Now, one analyst and a prominent Bitcoin bull is explaining that he believes BTC will continue to range sideways until the global economy sets a clear trend, which he claims will be defined by a decisive movement in the equities markets.
Bitcoin Stagnates Around $10,000
BTC’s inability to move up towards its major resistance level at $10,800 signals that bulls may be growing increasingly weak, but its near-term trend will not become abundantly bearish unless it decisively breaks below $10,000.
As for why Bitcoin’s price action has stalled as of late, Tom Lee, the co-founder of Fundstrat Global Advisors and a notable Bitcoin bull, explained in a recent interview with CNBC that he believes the lack of direction in the global economy is contributing to BTC’s indecisiveness.
“Bitcoin has kind of stalled recently because the macro outlook has stalled. I think, in a world without trend, bitcoin doesn’t go up… The next big catalyst, I think, is a decisive breakout in the equity markets, because I think once equities break to an all-time high, bitcoin becomes a risk-on asset,” he noted.
Will the S&P 500 Guide BTC’s Near-Term Price Action?
Although the S&P 500 is by no means the best indicator of the global economy’s strength, Lee notes that it does tend to correlate closely with Bitcoin’s price action, which may mean that bullishness in the U.S. equities markets will translate into positive price action for the cryptocurrency.

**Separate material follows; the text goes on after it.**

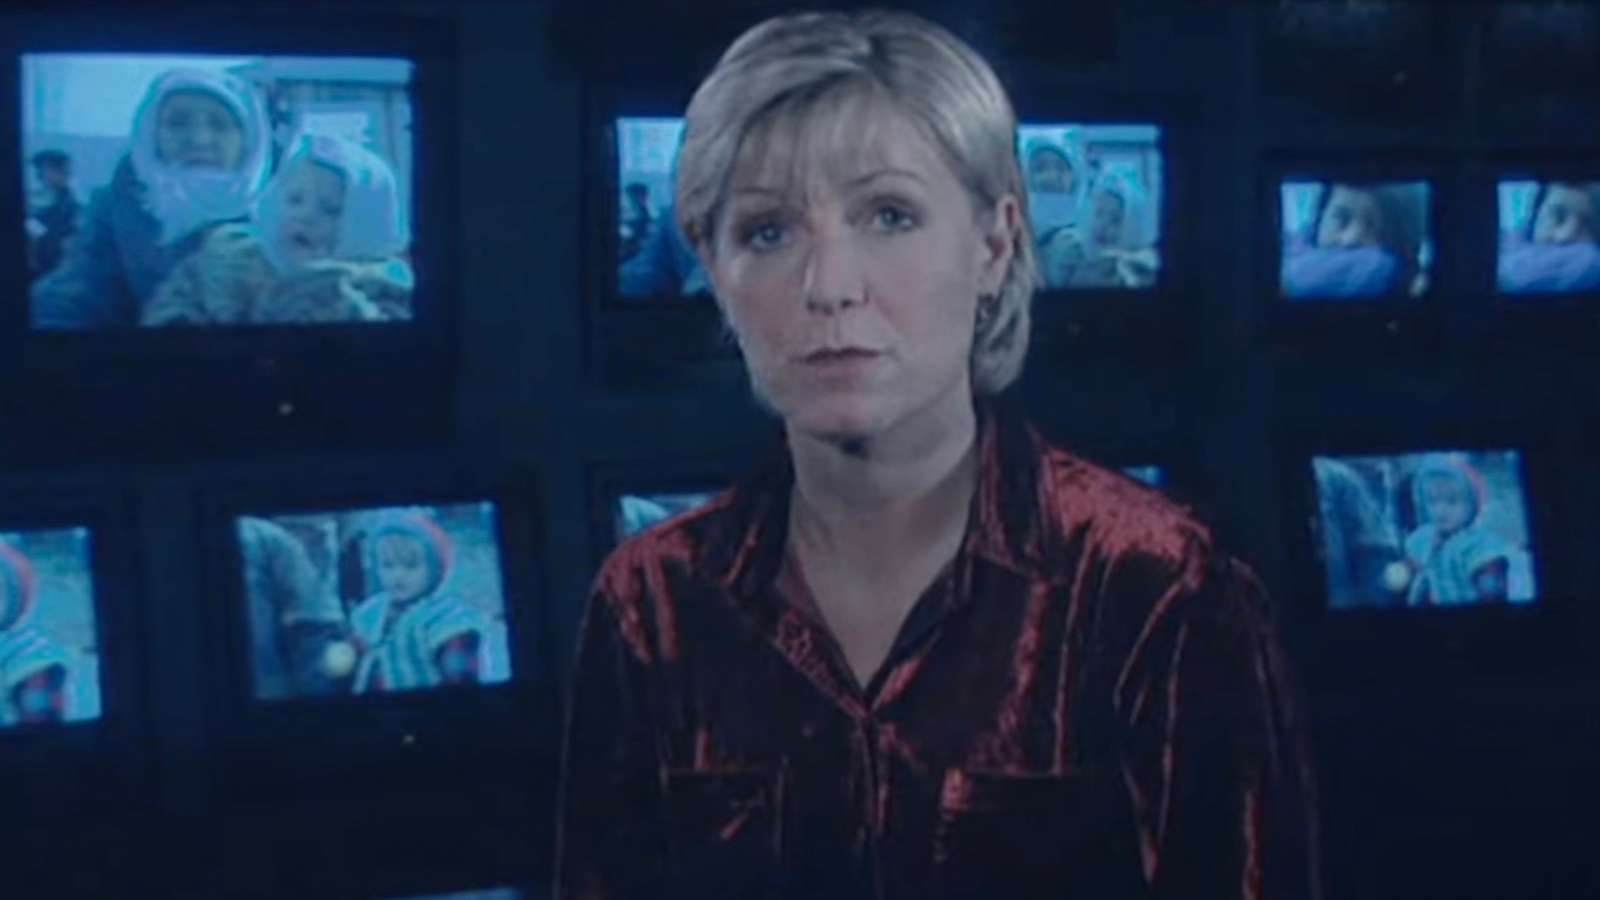 Jill Dando presenting Crimewatch on the BBC

“Bitcoin does best when the S&P’s up more than 15%… Bitcoin may be ambidextrous [in] that it works well in a risk-on world, but as you start to get nervous, then you treat it like digital gold,” he further added.
This is quite a bullish notion, as it could validate BTC’s status as a “Gold 2.0” safe-haven asset, but also leaves room for the crypto to surge during times of great economic stability.